Where's this London place you speak of?


----------



## Northerner (Oct 16, 2016)

mikeyB said:


> Where's this London place you speak of?


Somewhere over the rainbow? The streets are paved with gold, apparently


----------



## Carolg (Oct 16, 2016)

Sorry I can't make this, or Leeds. Have a great time everyone. Will make the next Scottish meeting though


----------



## stephknits (Oct 16, 2016)

Am hoping to make this one.  Was very sad to miss Birmingham


----------



## Amberzak (Oct 16, 2016)

If I can find a place to stay Friday night (I'm studying Thursday and Friday in London) then I will be there. Pretty sure I can stay at my friends house but I'm in Spain at the moment so can't ask him. 

Put me down as coming


----------



## Tezzz (Oct 17, 2016)

Add me please!


----------



## Northerner (Oct 17, 2016)

Tezzz said:


> Add me please!


Added!


----------



## Stitch147 (Oct 17, 2016)

ME!!!!!!!!


----------



## Barb (Oct 17, 2016)

Northerner said:


> Date: Saturday, 12th November 2016 from 11:00 am
> 
> Venue: Penderel's Oak
> 
> ...



If you have room for a large yellow Lab, I hope to be there


----------



## Northerner (Oct 17, 2016)

Barb said:


> If you have room for a large yellow Lab, I hope to be there


Hurrah!

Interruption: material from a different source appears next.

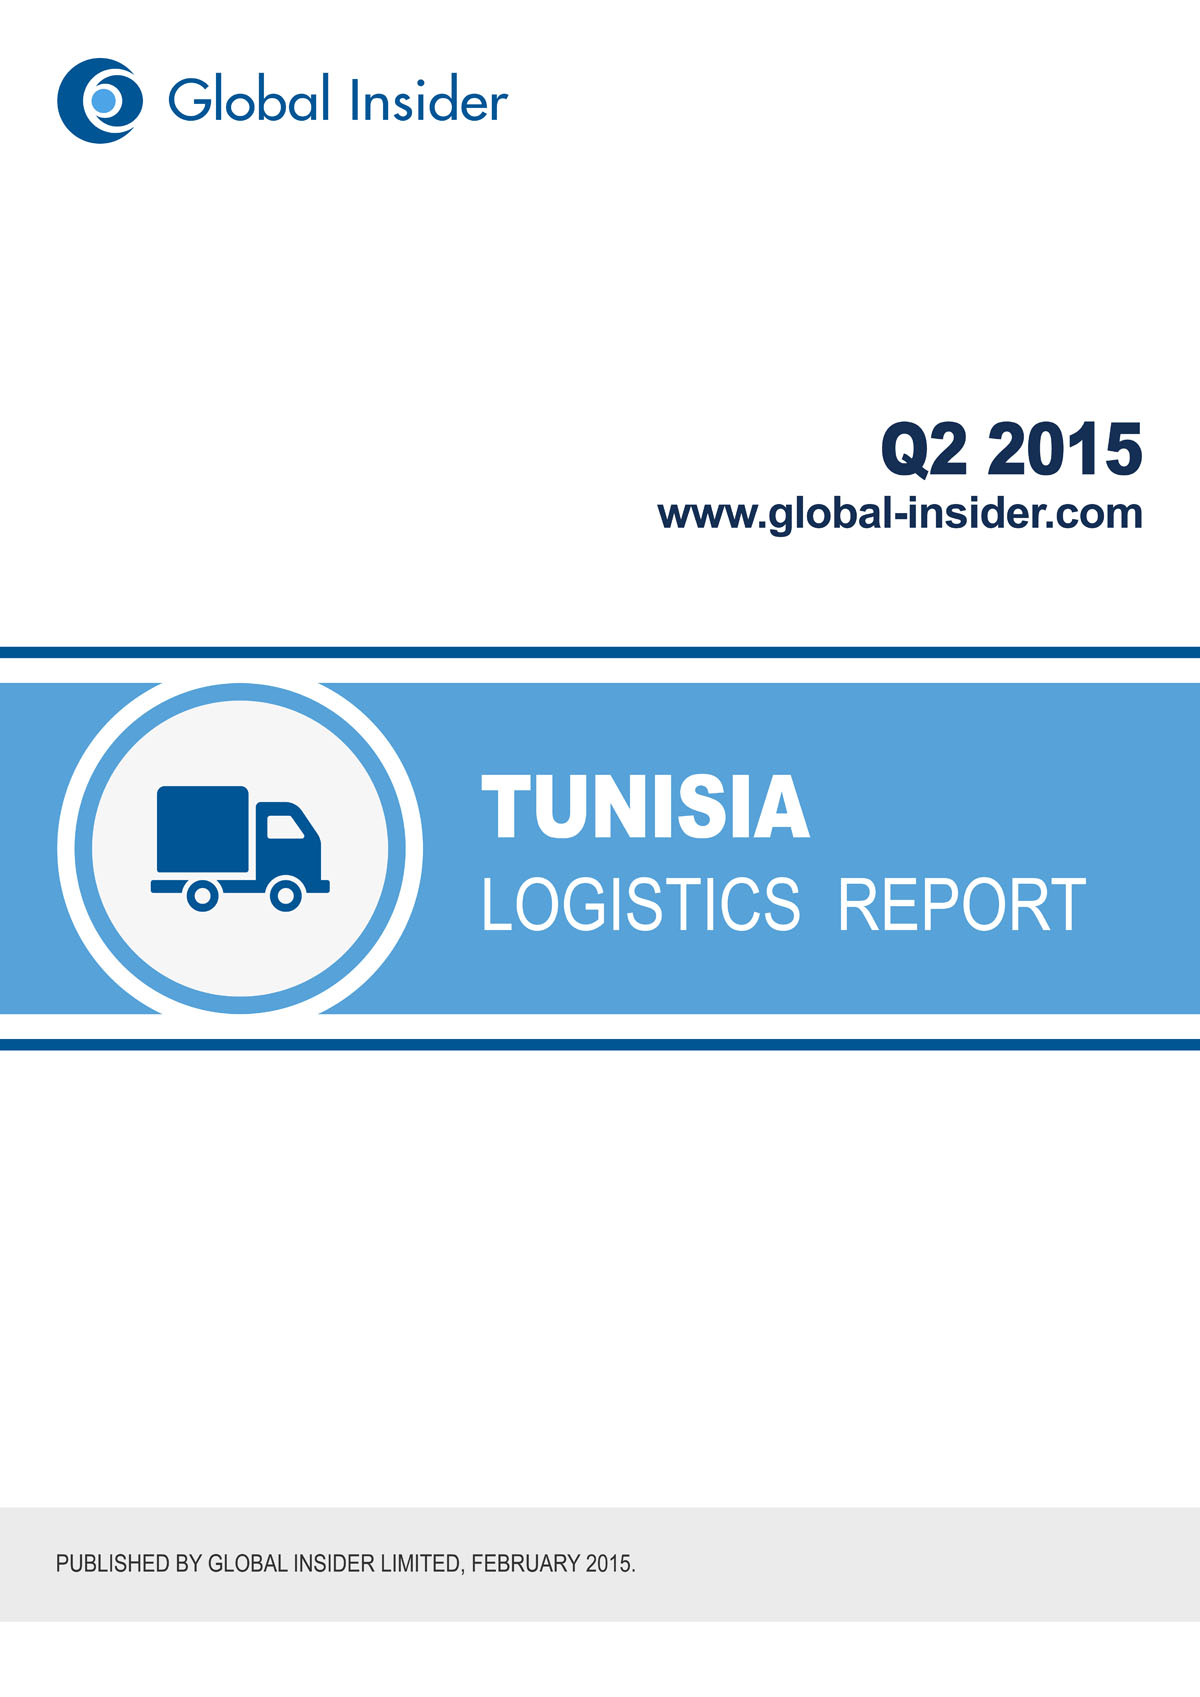 Tunisia Logistics Report
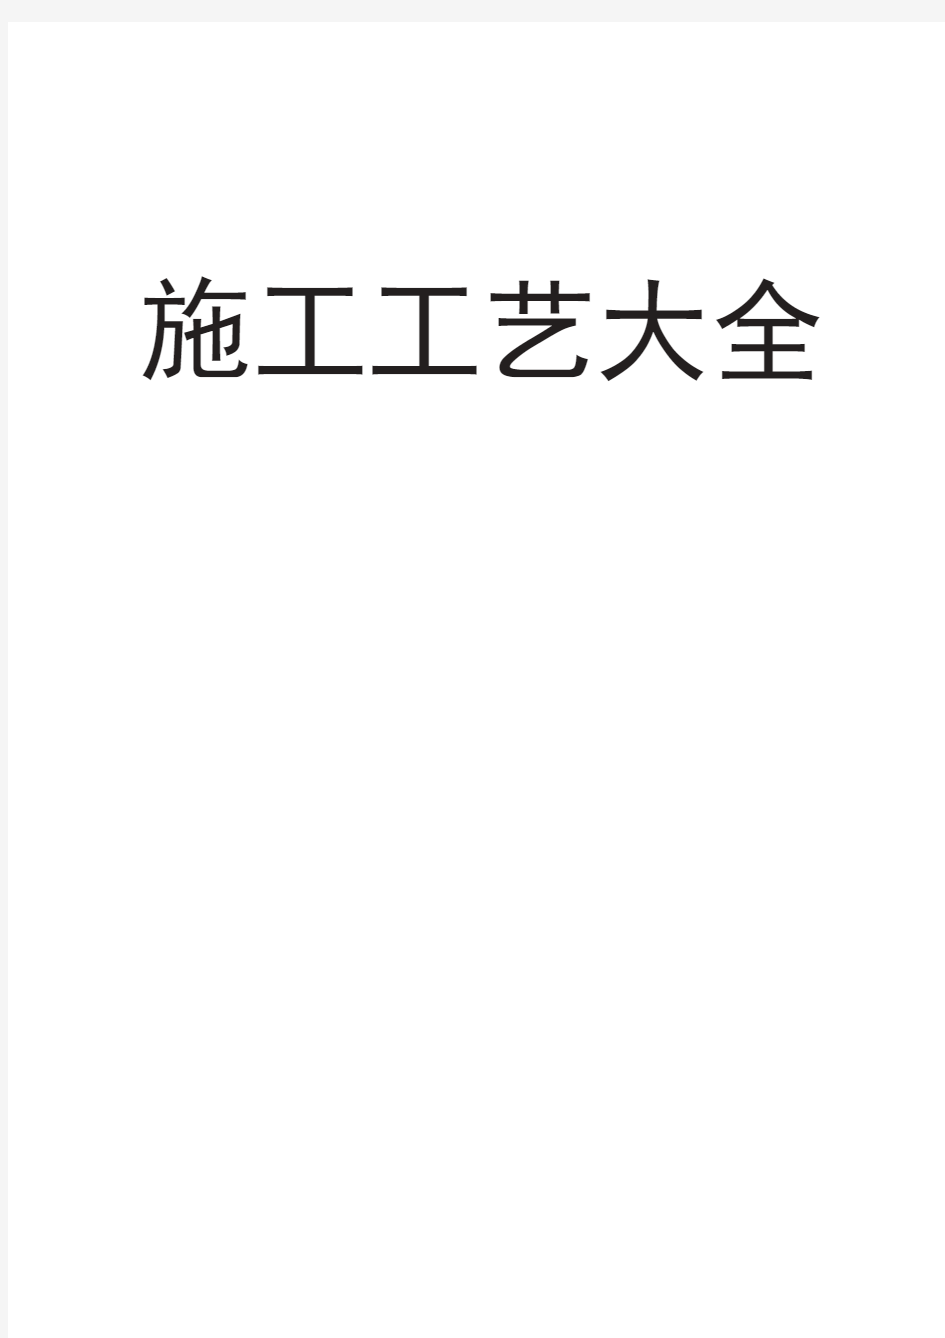 施工工艺大全(最新版)PDF可编辑

He's very welcome!


----------



## Stitch147 (Oct 17, 2016)

I might have my dodgy OH with me if people dont object.


----------



## mikeyB (Oct 17, 2016)

Barb said:


> If you





Northerner said:


> Hurrah! He's very welcome!


Not at Wetherspoons, if he's not an an assistance dog. Just checked on their website.


----------



## Mark T (Oct 17, 2016)

mikeyB said:


> Not at Wetherspoons, if he's not an an assistance dog. Just checked on their website.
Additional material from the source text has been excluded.